We all know investing is supposed to be for the long-term. For Adams Funds that’s meant a lot longer than most.

This week marks 90 years since the notorious 1929 stock-market crash that marked the end of the Roaring ’20s and the start of the Great Depression. The Adams Diversified Equity Fund (ADX) launched that same month with $75 million in assets.

A closed-end fund, a type of mutual fund with a fixed number of shares that trade on an exchange like a stock, Adams Diversified Equity returned an average of 9.6% annually since its inception in 1929 — it’s one of just 12 mutual funds that survived the Great Depression.

Senior portfolio manager Mark Stoeckle attributes the fund’s longevity to a focus on finding strong stocks — often without regard to what industry they happen to be in. Among the fun’s top holdings right now: Microsoft, Amazon, Apple and Visa.

MONEY spoke with Stoeckle, who has overseen the fund for the past four years, about his advice for investors. Below is an edited transcript of the conversation.

 

Pick stocks, not sectors

Being sector-neutral is a big part of what we do. We are good at looking at the risk associated with any given stock. We take the Russell 1000 and identify the high quality stocks in each sector. Then we look at a number of factors including return on invested capital. We also have a quantitative model that looks at quality, valuation, and momentum, and we rank every stock in each sector. Quality and timing are important for us. We also routinely talk to management and go to conferences. Ultimately, we use data and fundamentals to come up with an opinion on a stock.

Don’t let a winning stock overrun your portfolio

As stocks do well, we’ll begin trimming the position, so as not to allow any one stock to get too large. An important part of our philosophy is managing risk, which includes managing individual stock position sizes.

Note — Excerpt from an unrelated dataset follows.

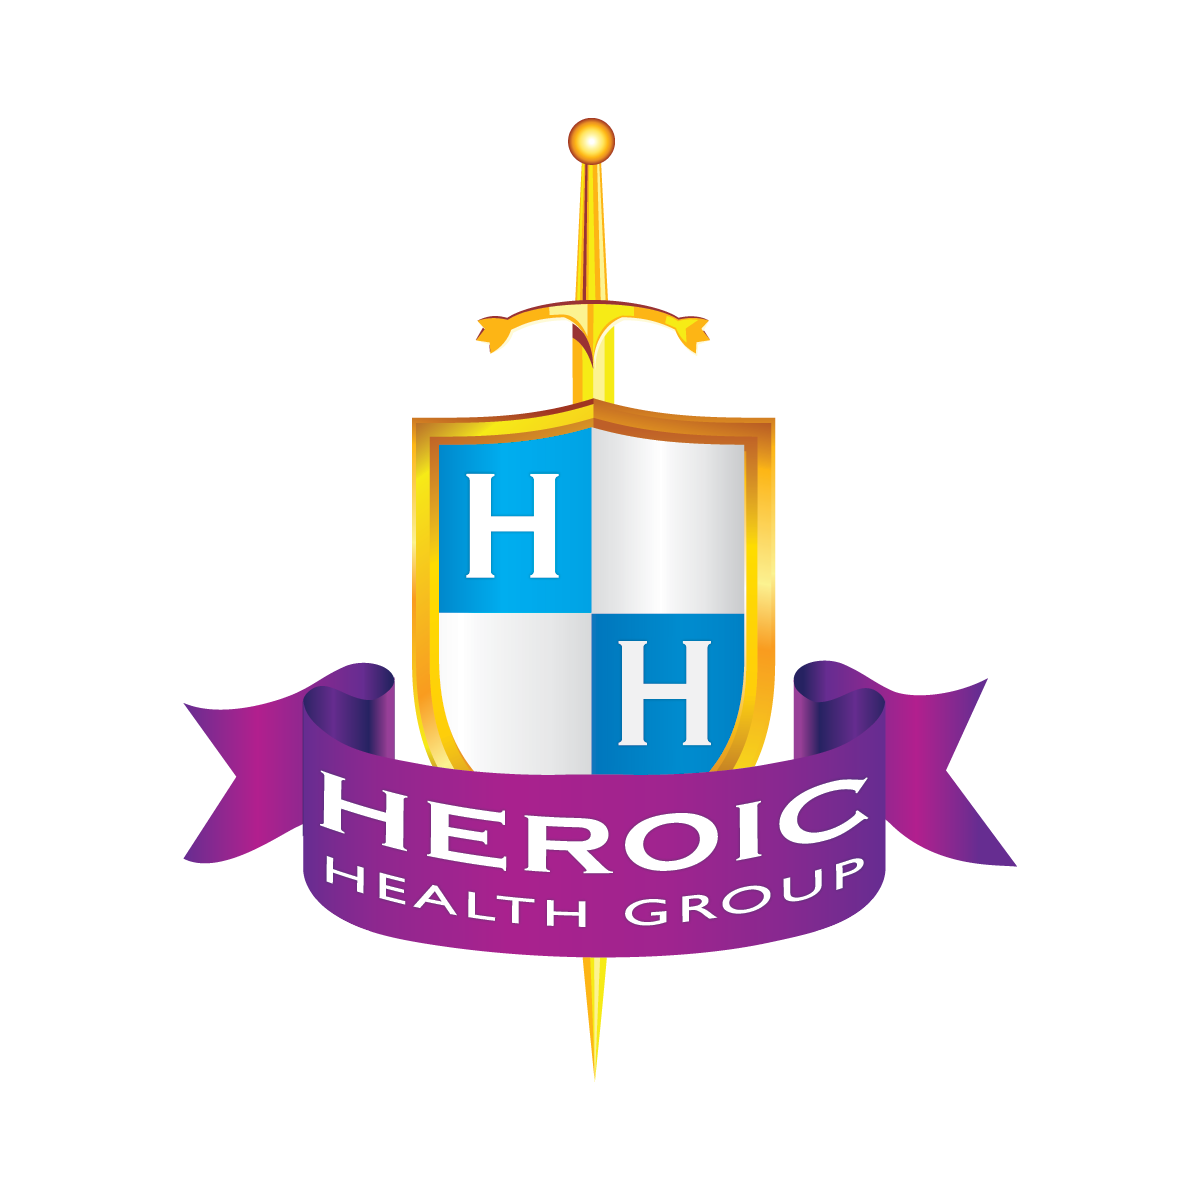 Heroic Health Group, LLC

Another aspect of risk control is managing stocks that are under-performing. If we own a stock and it trades below its 52-week low, we sell half of the active position. Also, because we want to manage the number of stocks in the fund, when we find a stock we want to own, we look for something to sell in that sector. Also, if any of a stock’s fundamental attributes change, that’s a sign of something changing in the company and we need to evaluate the change and determine if we still have conviction.

 

Use risk scores for your stocks

We believe we can do well even in uncertain times. We will always be able to find stocks that can outperform. When we enter a period of uncertainty, we carefully assess the amount of risk in the portfolio and look to lighten up on the stocks that pose the greatest amount of risk.

 

Stay invested, but adjust your risk tolerance over time

I am very passionate about people staying invested. You need to begin by being honest with yourself about how much risk you should be taking. You then need to decide what asset classes you want exposure to so you can match that with the appropriate funds. Then leave it alone. Of course, annual re-balancing is imperative as is changing your risk profile as things in your life change. The hardest thing will be to tune out the noise but it is so important to be able to do just that.